Prototype-based Aleatoric Uncertainty Quantification for Cross-modal Retrieval
Hao Li, Jingkuan Song, Lianli Gao, Xiaosu Zhu, Heng Tao Shen
TL;DR
Cross-modal retrieval often suffers from aleatoric uncertainty due to data quality, leading to unreliable similarity predictions. The paper introduces PAU, a prototype-based evidential framework that represents each modality with $K$ learnable prototypes and maps prototype–instance similarities to Dirichlet parameters via Dempster-Shafer Theory and Subjective Logic, enabling an explicit uncertainty score $u$ and belief masses $b_k$. It couples uncertainty modeling with dedicated losses (uncertainty and diversity) and a re-ranking step to produce more trustworthy predictions, validated on MSR-VTT, MSVD, DiDeMo, and MS-COCO where PAU consistently improves retrieval performance, especially under noisy conditions.

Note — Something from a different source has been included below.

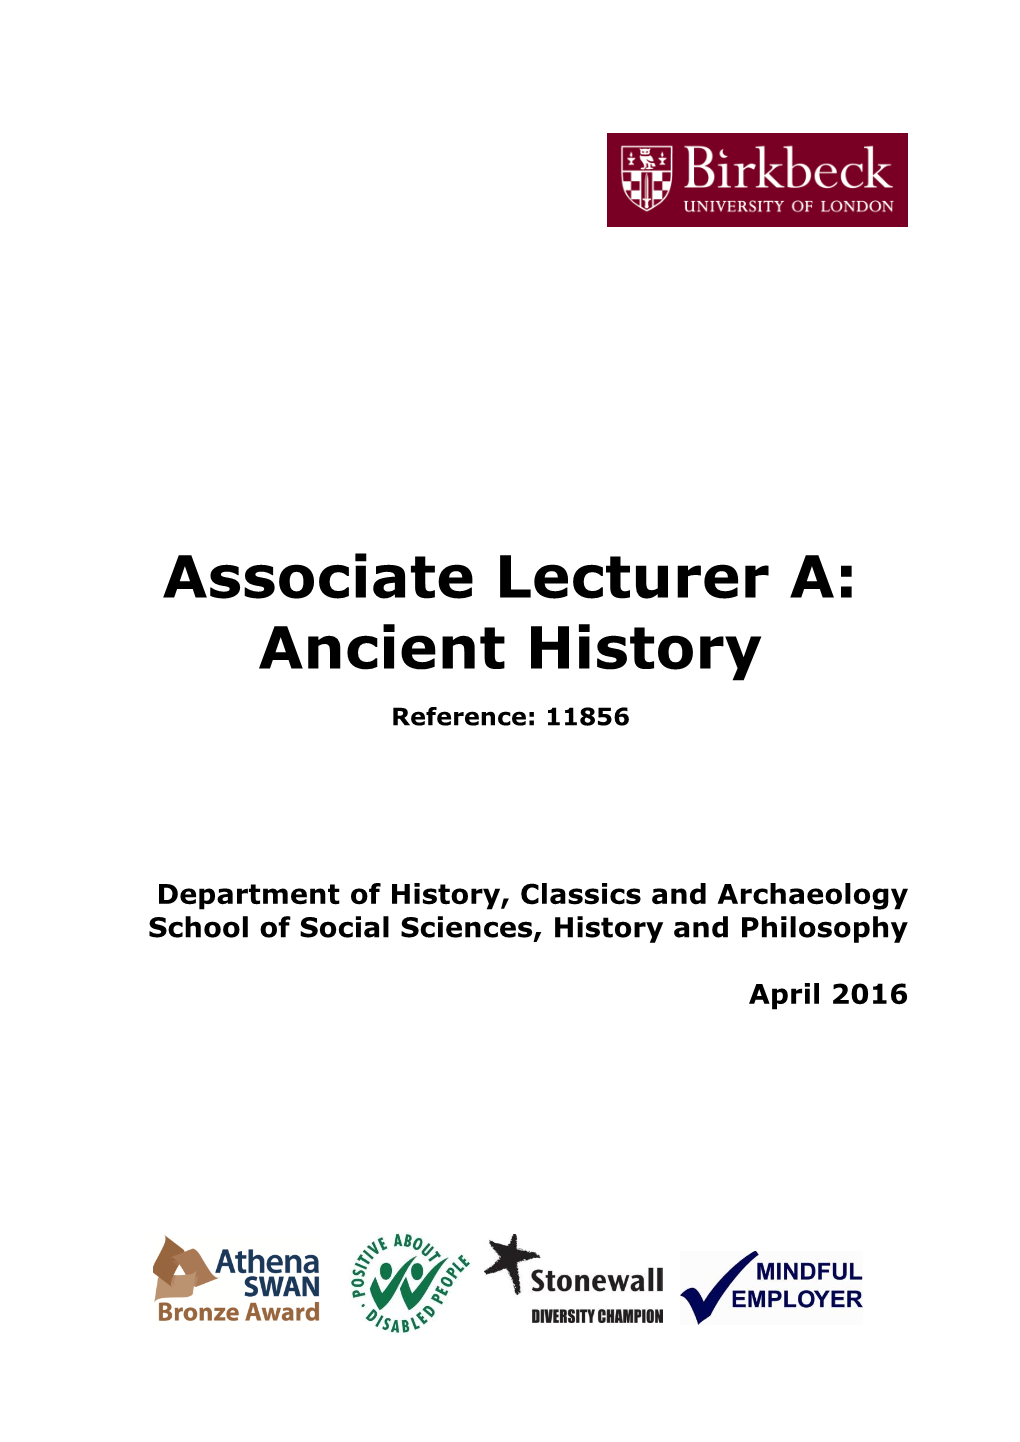 Associate Lecturer A: Ancient History

The approach provides a practical, scalable mechanism to quantify and leverage data ambiguity in cross-modal learning, with potential to improve data selection and pretraining efficiency for large multi-modal systems.
Abstract
Cross-modal Retrieval methods build similarity relations between vision and language modalities by jointly learning a common representation space. However, the predictions are often unreliable due to the Aleatoric uncertainty, which is induced by low-quality data, e.g., corrupt images, fast-paced videos, and non-detailed texts. In this paper, we propose a novel Prototype-based Aleatoric Uncertainty Quantification (PAU) framework to provide trustworthy predictions by quantifying the uncertainty arisen from the inherent data ambiguity. Concretely, we first construct a set of various learnable prototypes for each modality to represent the entire semantics subspace. Then Dempster-Shafer Theory and Subjective Logic Theory are utilized to build an evidential theoretical framework by associating evidence with Dirichlet Distribution parameters. The PAU model induces accurate uncertainty and reliable predictions for cross-modal retrieval. Extensive experiments are performed on four major benchmark datasets of MSR-VTT, MSVD, DiDeMo, and MS-COCO, demonstrating the effectiveness of our method. The code is accessible at https://github.com/leolee99/PAU.